Find the number of ordered pairs of positive integers $(a,b)$ such that $a+b=1000$ and neither $a$ nor $b$ has a zero digit.

Solution

Solution 1

There are $\left\lfloor\frac{999}{10}\right\rfloor = 99$ numbers up to 1000 that have 0 as their units digit. All of the other excluded possibilities are when $a$ or $b$ have a 0 in the tens digit, and since the equation is symmetric, we will just count when $a$ has a 0 in the tens digit and multiply by 2 (notice that the only time both $a$ and $b$ can have a 0 in the tens digit is when they are divisible by 100, which falls into the above category, so we do not have to worry about overcounting).

Excluding the numbers divisible by 100, which were counted already, there are $9$ numbers in every hundred numbers that have a tens digit of 0 (this is true from 100 to 900), totaling $9 \cdot 9 = 81$ such numbers; considering $b$ also and we have $81 \cdot 2 = 162$. Therefore, there are $999 - (99 + 162) = \boxed{738}$ such ordered pairs.

Solution 2

Let $a = \overline{cde}$ and $b = \overline{fgh}$ be 3 digit numbers:

cde
+fgh
----
1000 $e$ and $h$ must add up to $10$, $d$ and $g$ must add up to $9$, and $c$ and $f$ must add up to $9$. Since none of the digits can be 0, there are $9 \times 8 \times 8=576$ possibilites if both numbers are three digits.

There are two other scenarios. $a$ and $b$ can be a three digit number and a two digit number, or a three digit number and a one digit number. For the first scenario, there are $9 \times 8 \times 2=144$ possibilities (the two accounting for whether $a$ or $b$ has three digits) and for the second case there are $9 \times 2=18$ possibilities. Thus, thus total possibilities for $(a,b)$ is $576+144+18=738$.

Solution 3

We first must notice that we can find all the possible values of a between 1 and 500 and then double that result.

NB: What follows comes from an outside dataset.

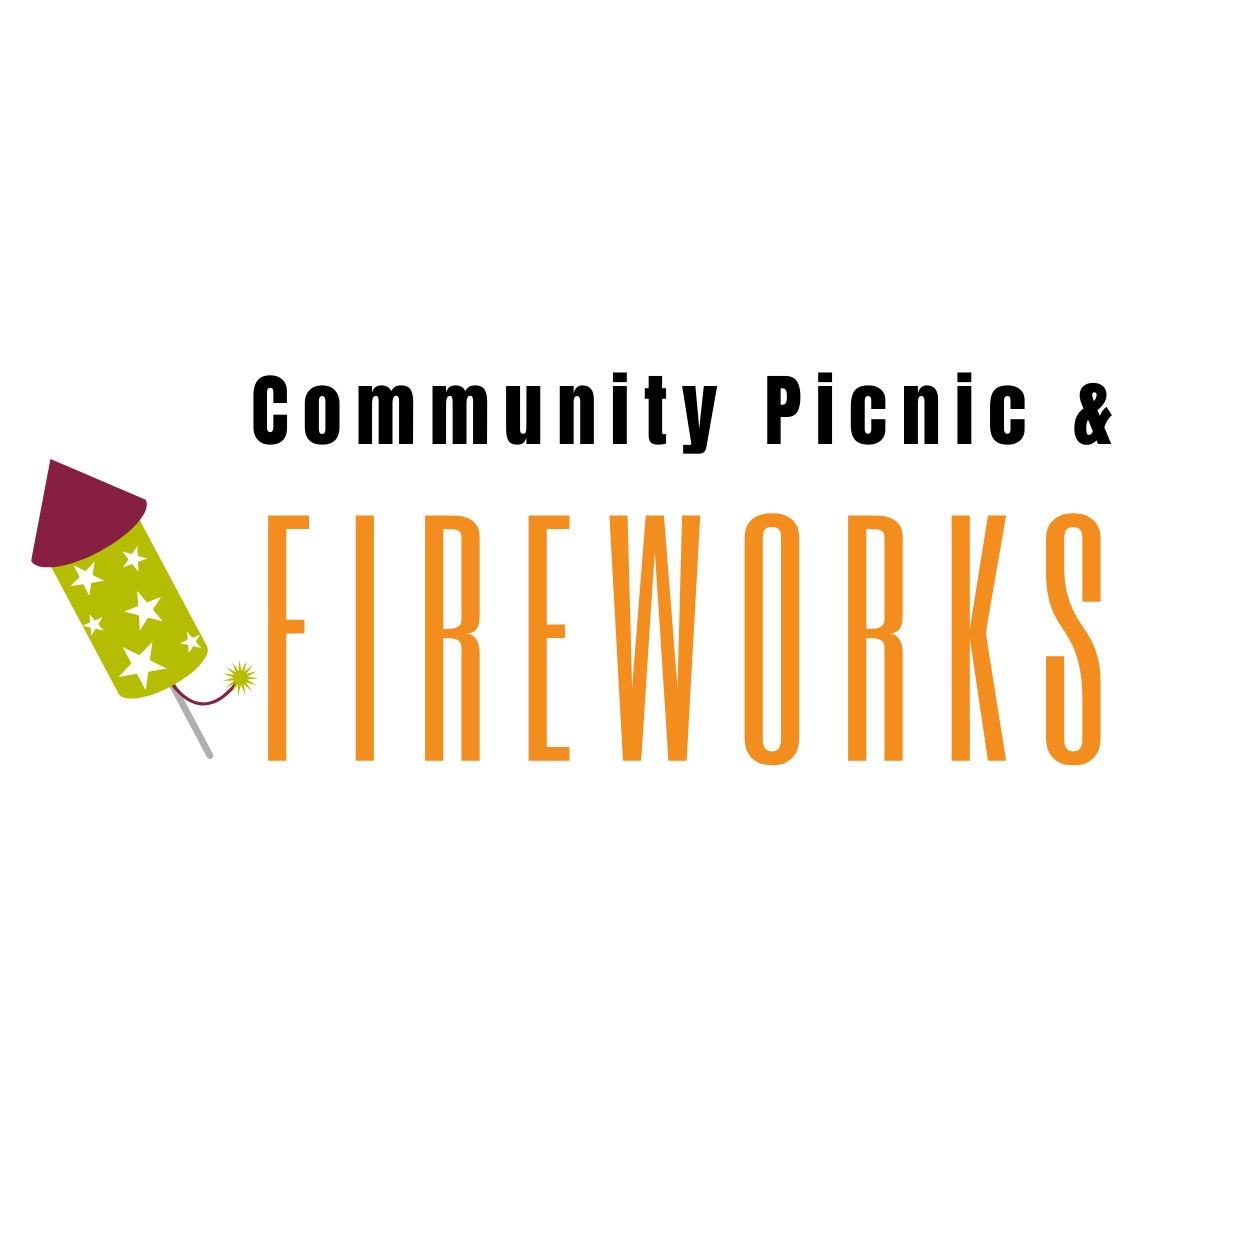 Community Picnic and Fireworks with a magenta and green firecracker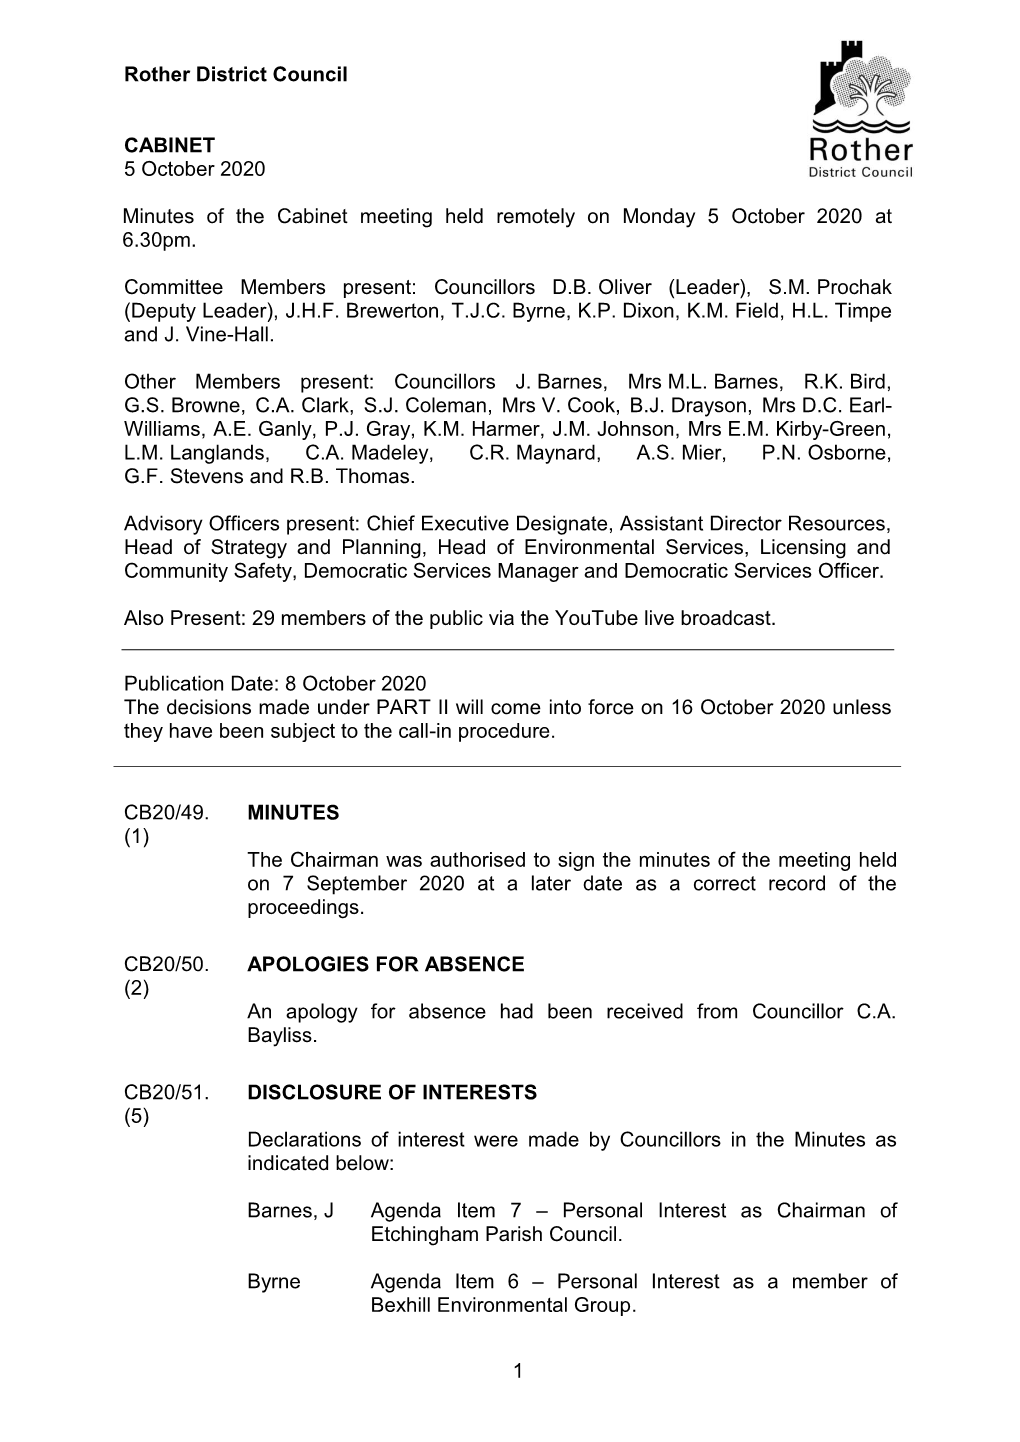 1 Rother District Council CABINET 5 October 2020 Minutes of the Cabinet Meeting Held Remotely on Monday 5 October 2020 at 6.30Pm

When 1 < a < 100 there are 9 X 9 = 81 possible solution for a so that neither a nor b has a zero in it, counting 1 through 9, 11 through 19 ... 81 through 89. When 100 < a < 200 there are 9 X 8 =72 possible solution for a so that neither a nor b has a zero in it, counting 111 through 119, 121 through 129 ... 181 through 189. This can clearly be extended to 100k < a < 100(k+1) where k is an integer and 0 < k < 9. Thus for 100 < a < 500 there are 72 X 4 = 288 possible values of a.

Thus when 1 < a < 500 there are 288 + 81 = 369 possible values of a and b.

Doubling this yields the 738.